Perempuan lanjut usia itu berdiri menunggu dengan wajah penuh harap.

Hasiholan tampak memeluk ibunya singkat, ia berpesan agar keluarga tetap tegar dan menjaga kesehatan, tak luput ia juga meminta doa kepada ibunya.

"Tuhan Yesus memberkati kamu nak. Semoga keadilan bersamamu," ujar Tiomarisi Boru Tompul sambil menggenggam tangan anaknya.

Di usianya yang telah renta, Tiomarisi mengaku sulit percaya putranya berani membawa sabu-sabu dalam jumlah besar ke Indonesia.
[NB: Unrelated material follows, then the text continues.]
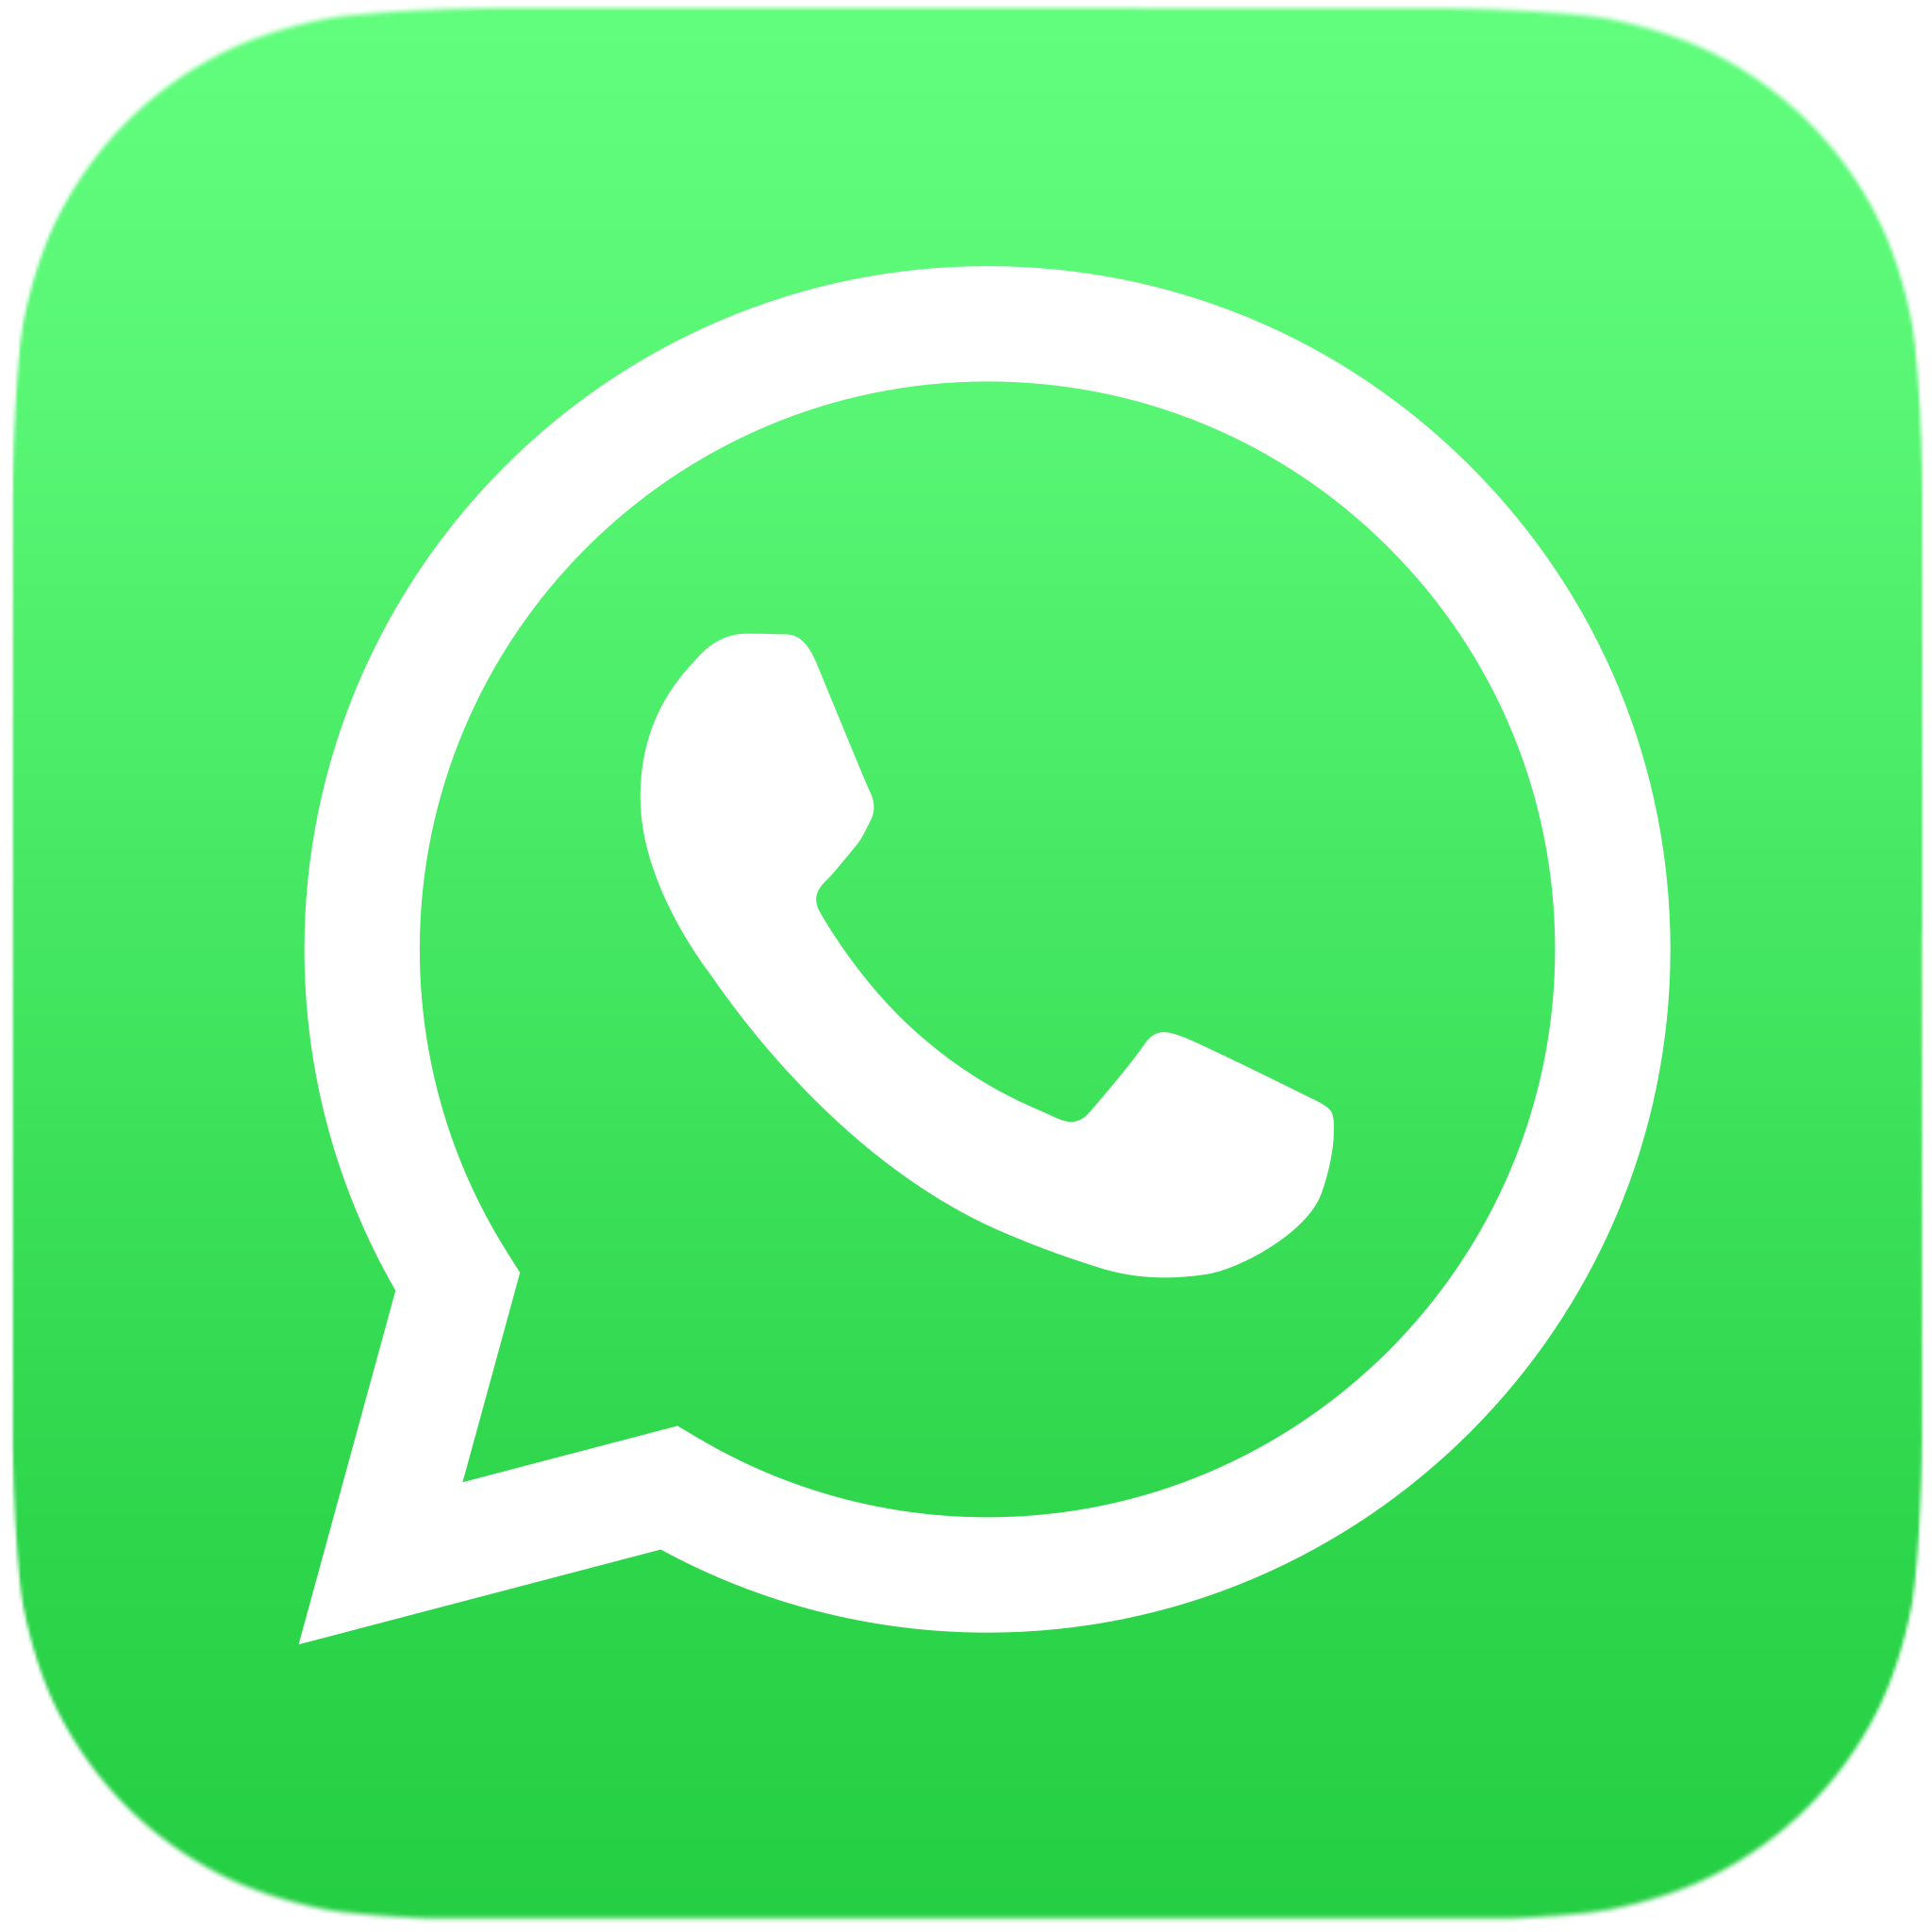 File:WhatsApp logo-color-vertical.svg - Wikimedia Commons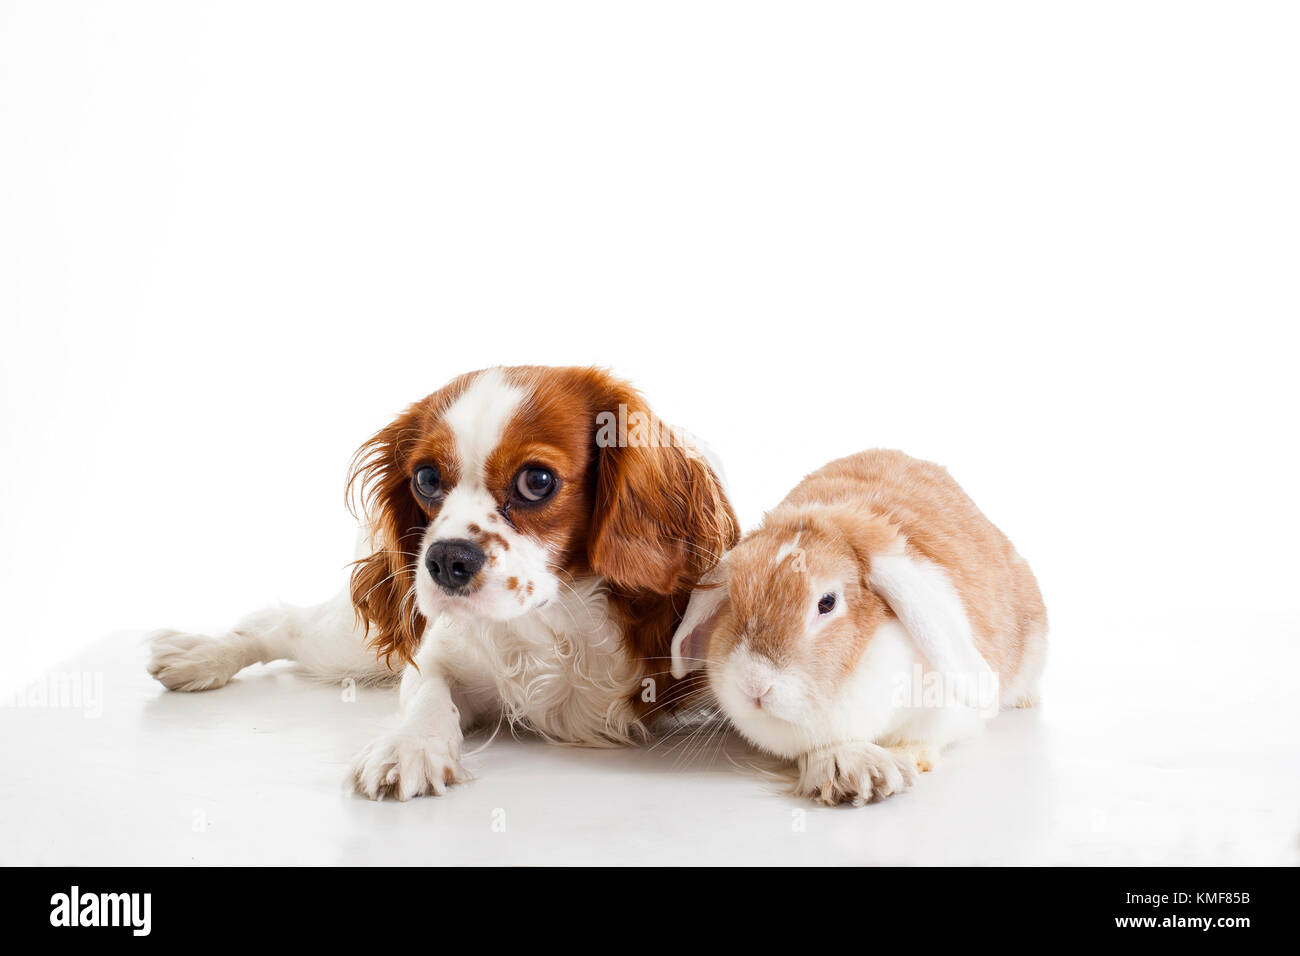 Cute cavalier king charles spaniel dog puppy on isolated white studio background. Dog puppy with lop bunny rabbit. Stock Photo

"Kalau dia lagi berlayar pernah ke Malaysia, bawa satu biji susu aja tak berani dia. Pernah dapat susu ditinggalkannya di kapal," ucapnya.

Air mata tak terbendung saat ia ditanya apa harapannya setelah mendengar tuntutan mati pada kedua anaknya pada sidang sebelumnya.

"Mungkin inilah kelalaian dia, jujur dia orangnya. Jadi tumbal kurasa anak ini. Tuhan saya percaya kepada Tuhan, Dia yang akan melepaskan. Yakin saya, Tuhan itu ada, tetap saya berdoa," katanya lirih.

Tak hanya sang ibu, anak perempuan Hasiholan yang masih duduk di bangku sekolah dasar juga datang menemui ayahnya.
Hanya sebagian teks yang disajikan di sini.